Was um alles in der Welt ging hier vor?
Versteckten sie Shane Shelbys Leiche vielleicht auch irgendwo auf dem Anwesen?
Minutenlang starrte sie ins Leere. Ihre Gedanken verschwammen, zum Teil, weil sie in den letzten beiden Nächten so wenig geschlafen hatte, aber zum Teil auch, weil ihr die seltsamen und erschreckenden Informationen aus den Händen zu gleiten schienen, Teile eines Puzzles, das sie nicht zusammensetzen konnte.

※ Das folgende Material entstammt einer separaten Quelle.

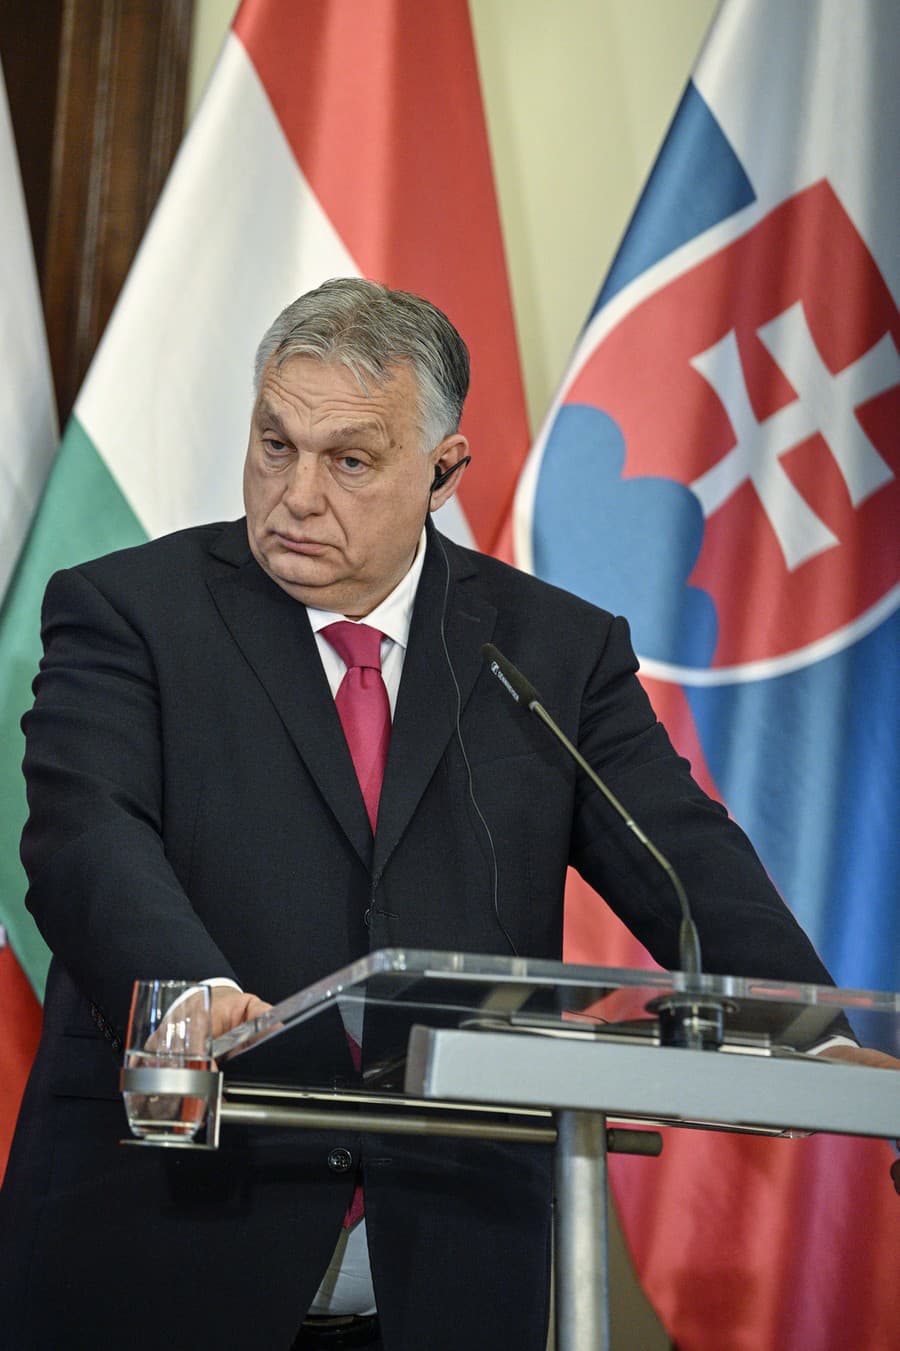 Predseda vlády Maďarska Viktor

Denk nach! befahl sie sich. Die Antworten sind hier, du musst sie nur finden.
Katharine schob Angst und Müdigkeit beiseite und machte sich an die Arbeit.
Das Handy in Takeo Yoshihara Jackentasche summte leise. Er verließ den Konferenzraum im Hotel Hana Maui, ging auf den Flur und hielt das Telefon ans Ohr. »Ja?« Er hörte eine Weile zu. »Und mit wem hat Dr. Sundquist telefoniert?« fragte er schließlich den Anrufer, der die Besprechung mit seinen Partnern beim Serinus-Projekt unterbrochen hatte.

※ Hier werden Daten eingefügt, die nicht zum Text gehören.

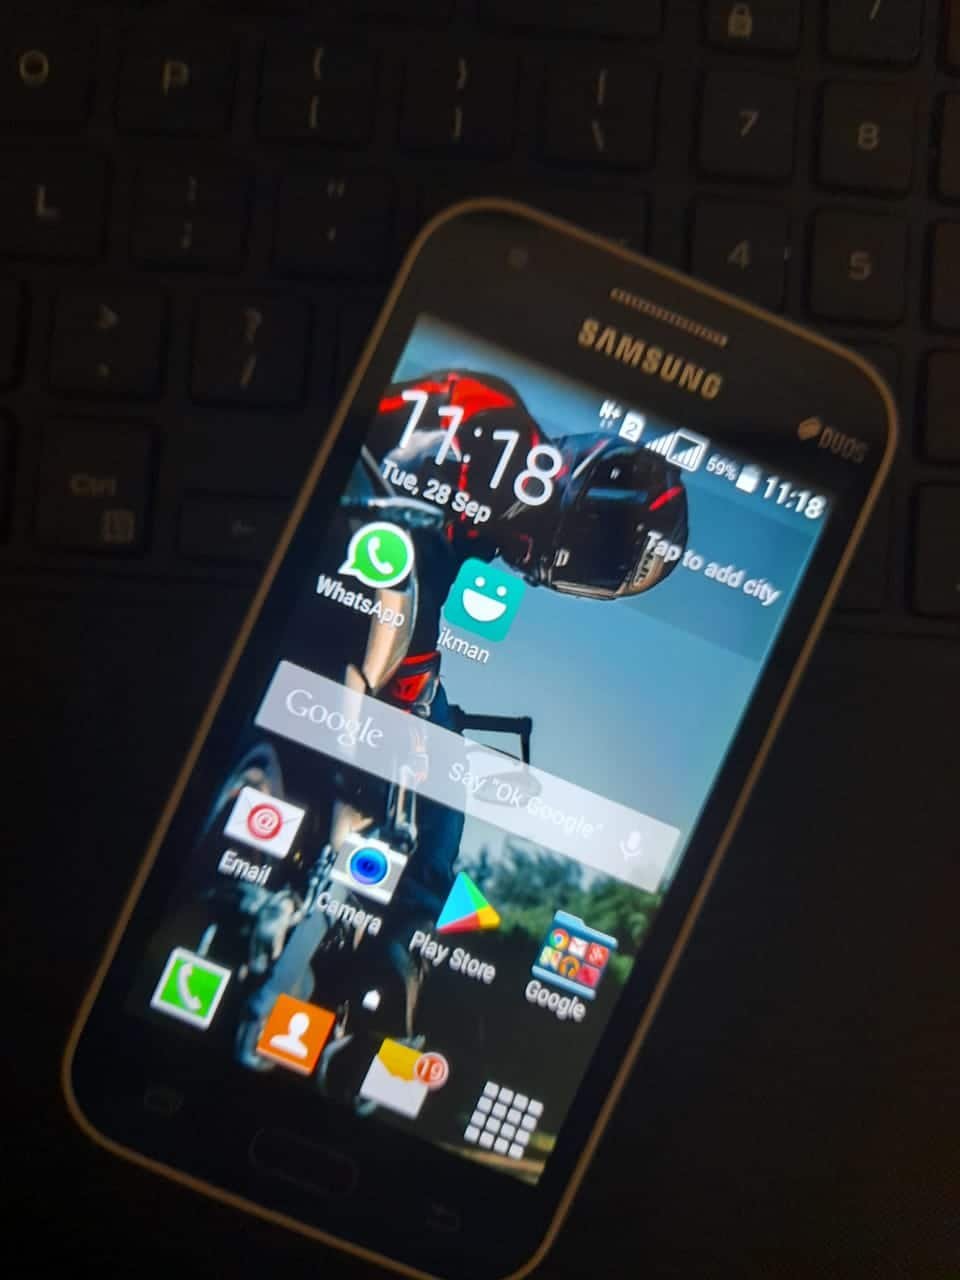 Samsung Galaxy J1 Used

Wenige Sekunden später in den Konferenzraum zurückgekehrt, dachte Takeo Yoshihara bereits darüber nach, wie er sich auf effizienteste Weise Katharine Sundquists entledigen konnte. Und ihres Sohnes.
Michael fühlte sich schon schlecht, als er am Morgen erwachte. Seine Brust war wie zugeschnürt, und sein ganzer Körper schmerzte. Er sagte seiner Mutter nichts, denn die hätte ihn nur wieder zu Dr. Jameson geschleppt. Ohne ein Wort ging er zum Schulbus, in der Hoffnung, dort Josh Malani zu treffen.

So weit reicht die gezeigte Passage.